A corrente de comércio, que soma todas as transações, atingiu US$ 61,17 bilhões no período. Esse montante traduz-se em uma alta de 6,8% frente a julho de 2025.
Vale destacar que tanto os embarques ao exterior quanto as aquisições de fora registraram alta em relação ao ano anterior, com variações de 6,2% e 7,6%, respectivamente.
Produtos mais comercializados
No setor exportador, o Mdic apontou avanço de 9,3% na agropecuária. O principal motor foi a soja, que somou cerca de US$ 870 milhões adicionais.
A indústria extrativa também cresceu, puxada pelas negociações de óleo bruto de petróleo, que subiram US$ 960 milhões.
Na indústria de transformação, os óleos combustíveis se destacaram com acréscimo de US$ 960 milhões. O salto percentual nas vendas externas desse combustível superou 63%.
Do lado das importações, o mês de julho teve como destaque as compras de óleos combustíveis de petróleo, registrando alta de US$ 500 milhões.
Outros itens fundamentais foram máquinas de processamento automático de dados (+US$ 320 milhões) e medicamentos e produtos farmacêuticos, exceto veterinários (+US$ 320 milhões).
Também cresceram as aquisições de válvulas e tubos termiônicos (+US$ 290 milhões) e de polímeros de etileno em formas primárias (+US$ 150 milhões).
Parceiros comerciais
A China manteve-se na liderança como principal parceiro comercial do Brasil. O país asiático absorveu quase um terço das exportações nacionais em julho.
Foram US$ 10,7 bilhões comercializados com os chineses, o que representa um acréscimo de 8,6% em relação ao consolidado em julho de 2025.
Os Estados Unidos ocuparam a segunda posição, respondendo por 10,7% das vendas brasileiras no período, embora tenham apresentado queda de 5% na mesma base de comparação.

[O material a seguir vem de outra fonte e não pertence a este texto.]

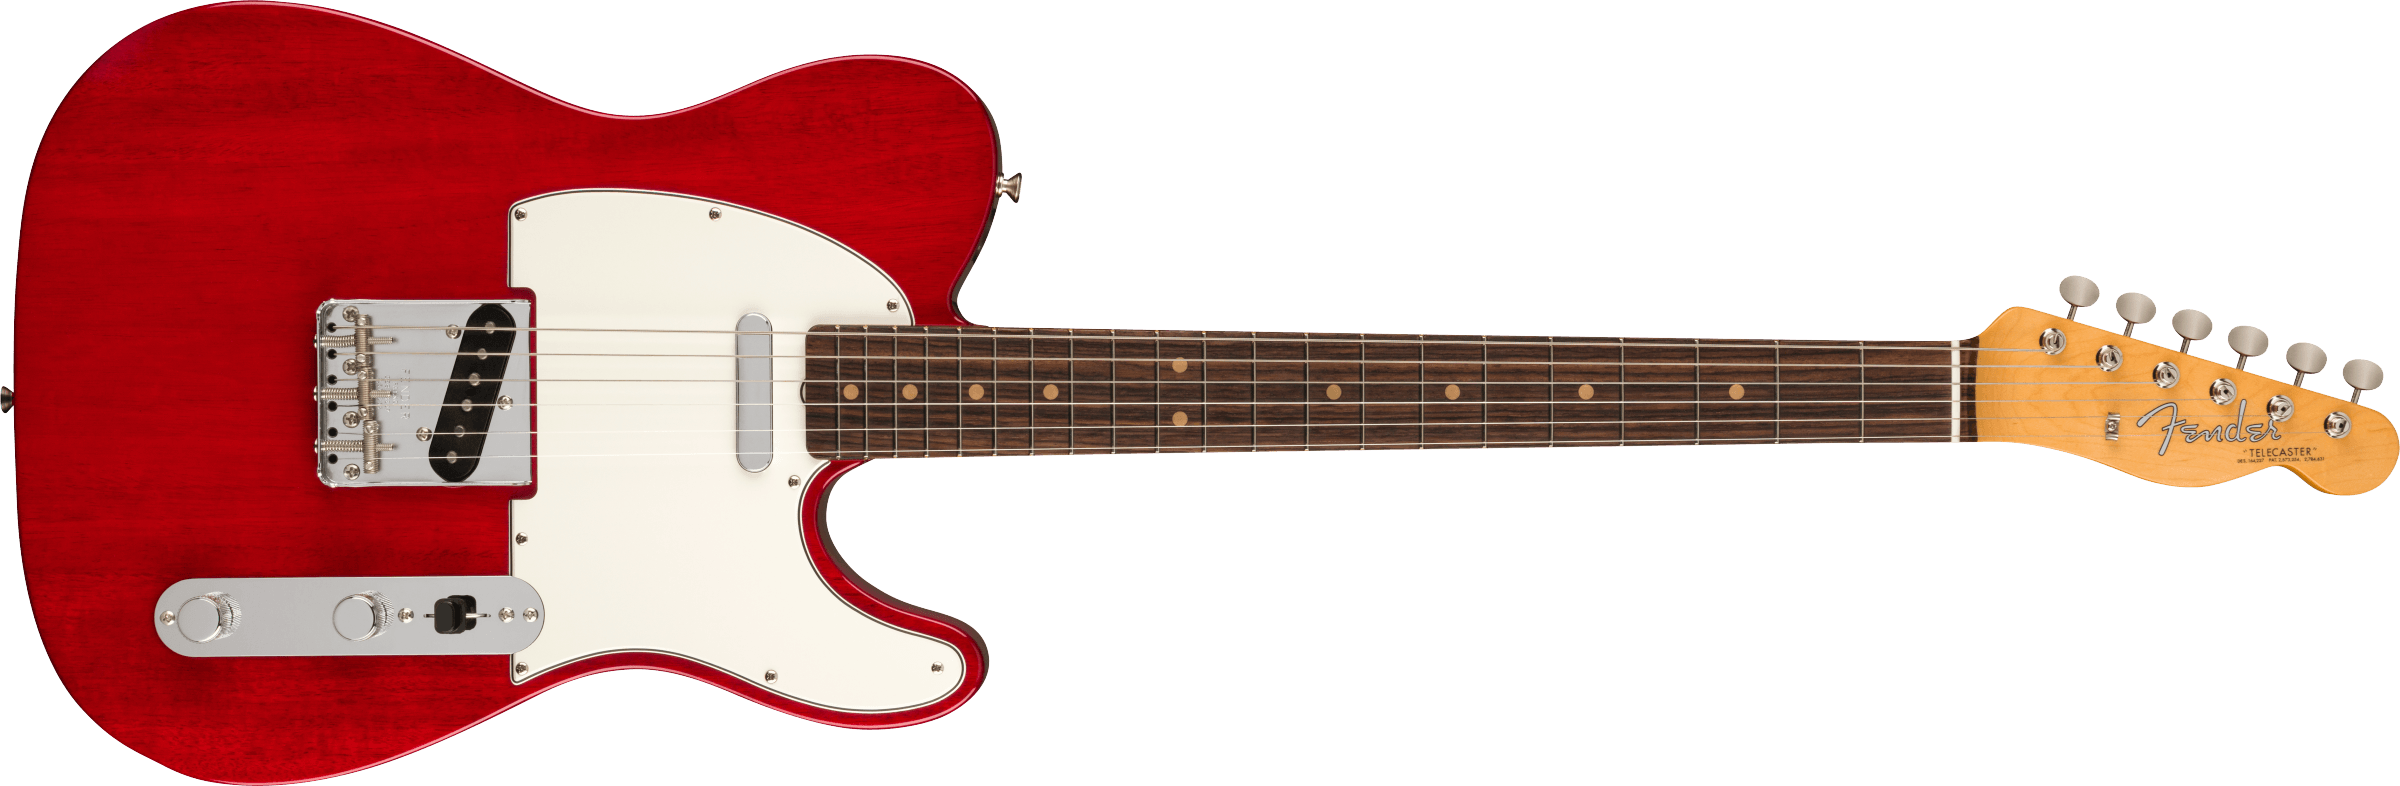 Fender American Vintage II 1963 Telecaster®, Rosewood Fingerboard, Crimson Red Transparent

A retração nas vendas aos norte-americanos ainda não reflete totalmente o novo tarifaço imposto pelo governo local, que entrou em vigor apenas em 22 de julho.
Com isso, os impactos dessa medida tarifária devem aparecer nos resultados de agosto, cujos números serão publicados no começo de setembro.
As transações com a Argentina também encolheram, registrando um recuo de quase US$ 230 milhões, o que representa uma baixa de 13,9% ante julho passado.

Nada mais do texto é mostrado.